In the first section of this Topic, we sketch the major milestones in language acquisition, from exploratory babbling to the production of grammatically correct sentences. In the second section, we delve into the mechanisms that allow human infants to acquire language and the theories behind the psychology of language acquisition. In the third section, we discuss two interesting cases in which language acquisition does not follow the normal pathway: deafness and Williams syndrome.
Terms
Babbling -Pre-speech vocalizations made by infants around nine months old.
Language Acquisition Device -A innate "mental module" postulated by Noam Chomsky to explain the ability of children to learn despite the "poverty of the stimulus."
Naming Burst - A dramatic increase in the rate of word learning that takes place around two to three years of age.
Overextension - When children use a word to refer to a class of objects that is broader than in adult usage. For instance, using "dog" to refer to all four- legged creatures.
Overgeneralization -When children apply a grammatical rule across all members of a grammatical class (e.g. verbs) without making the appropriate exceptions. For instance, using the -ed suffix to indicate past tense for verbs like "go" and "think."
Poverty of the Stimulus -Term used by Noam Chomsky to describe the impossibility of learning language from verbal input without some kind of innate constraints on the kind of language that can be learned.
Underextension - When children use a word to refer to a class of objects that is narrower than in adult usage. For instance, using "dog" to refer only to German shepherds.
Williams Syndrome- A genetic disorder that results in elfin-like facial characteristic
s, often severe mental retardation, and a surprising sociability and facility with language.

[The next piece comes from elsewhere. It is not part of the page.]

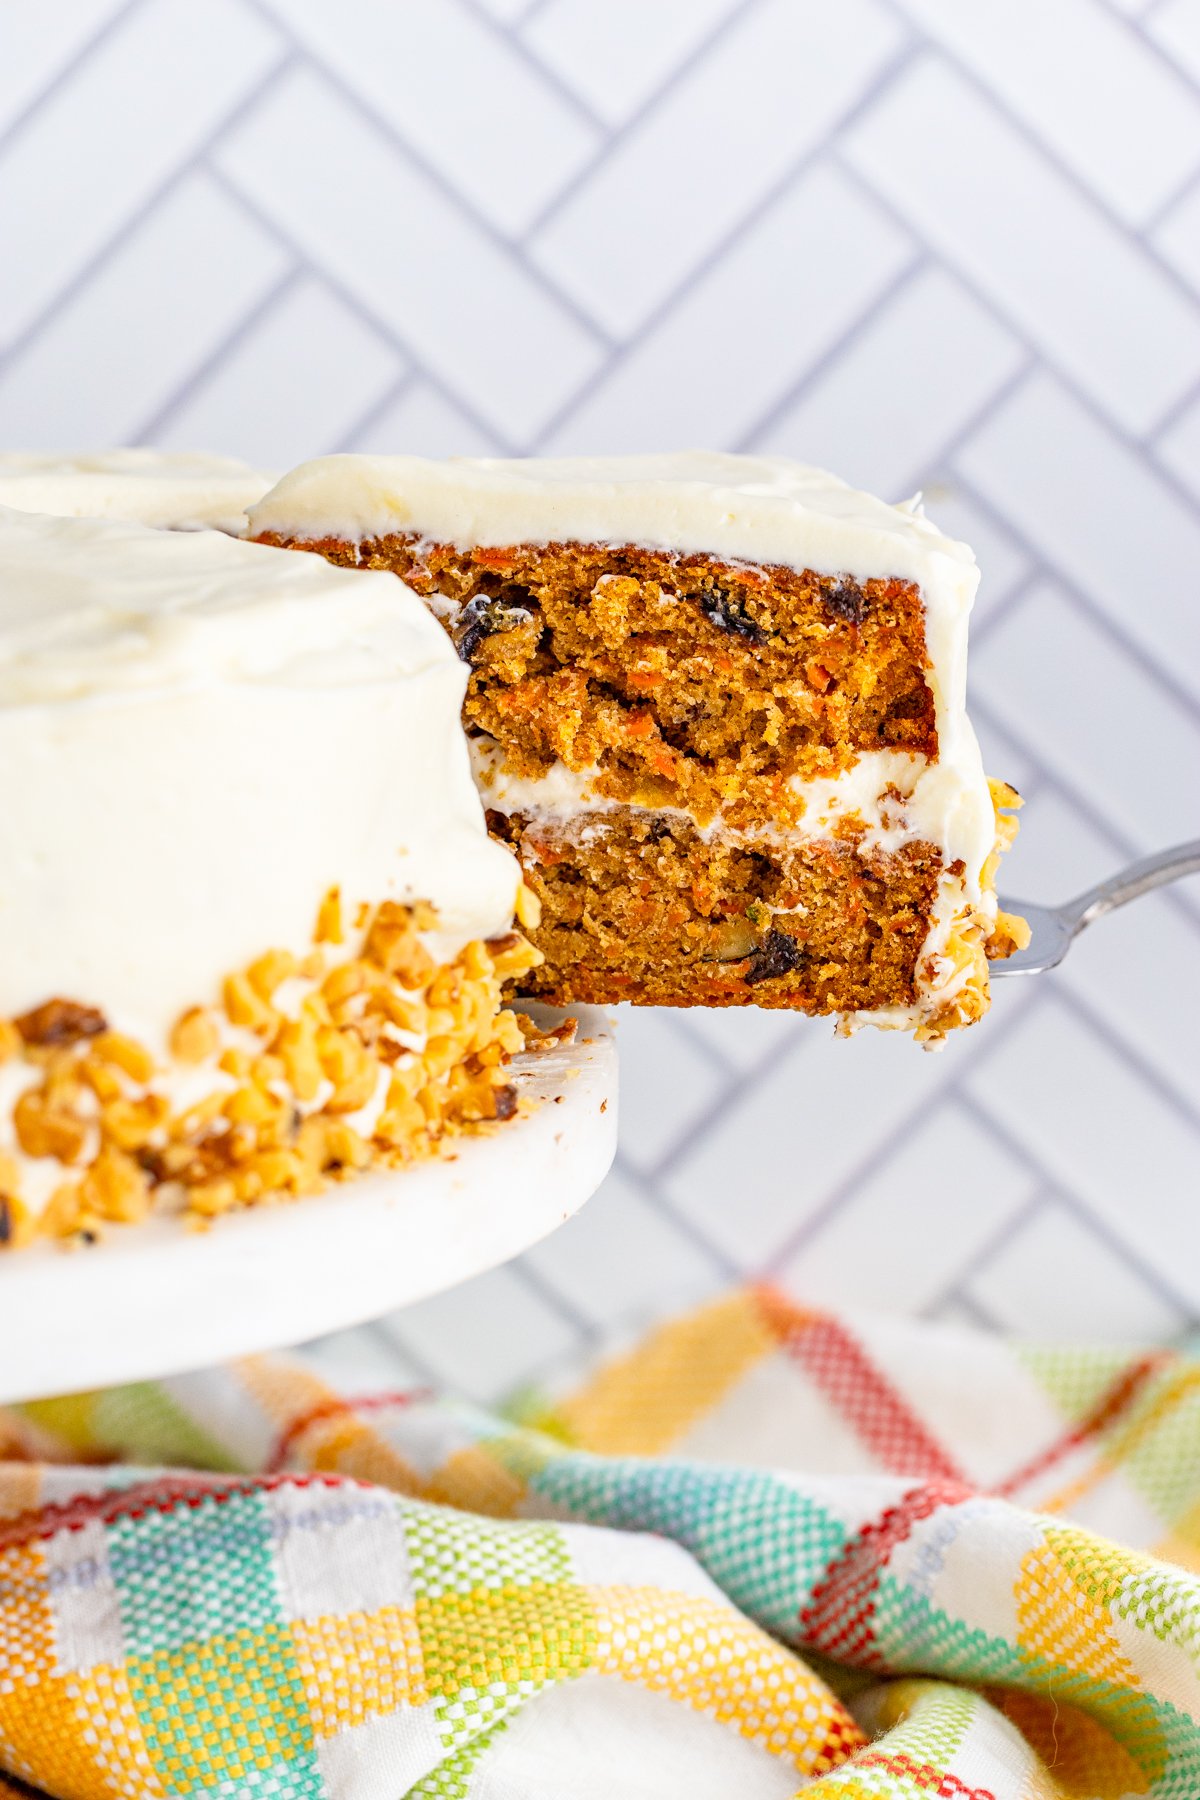 Cake server pulling out slice of Carrot Cake

Overview of Language Acquisition
1.1 Babbling
In the first nine months of life, infants are far from silent, as any sleep-deprived parent can attest. Around nine months of age, however, a significant change in the quality of sounds produced by the infant occurs. In addition to screaming, cooing, laughing, and other non-linguistic sounds, the child begins to utter speech-like sounds such as "ba" or "da," often in long nonsense strings of syllables. This "pre-linguistic speech" is called babbling. Babbling is thought to be the first stepping-stone to spoken language. By producing a variety of language-like sounds, the child is exercising his or her mental and vocal skills in a way that will provide the foundation for true speech.
1.2 Word Learning
Between nine months and one year of age, the child usually begins to produce whole words. At first, words are produced in isolation: the child will say "mama" in response to the presence of the mother or "cookie" to request a snack. Typically, the first words learned are monosyllabic; as the child grows, the phonological complexity of the words produced increases. In English, at least, nouns are learned earlier than verbs. Early in the word- learning process, children often make mistakes of overextension or underextension. In overextension, the child applies a word to a broader class of objects or actions than in adult usage. For instance, the word "dog" might be used to describe any four-legged animal, or the word "eat" might be used to describe both eating and drinking. Underextension is the exact opposite: the child applies the word to a smaller class of objects than he or she should. For instance, the word "cat" might be used to describe the family pet but not unfamiliar cats. Around eighteen months, the child begins to use multi-word utterances such as "give ball." Around two or three years, a "naming burst" occurs during which an enormous number of new words are acquired. One estimate is that one to two words are learned per waking hour between the ages of three and five.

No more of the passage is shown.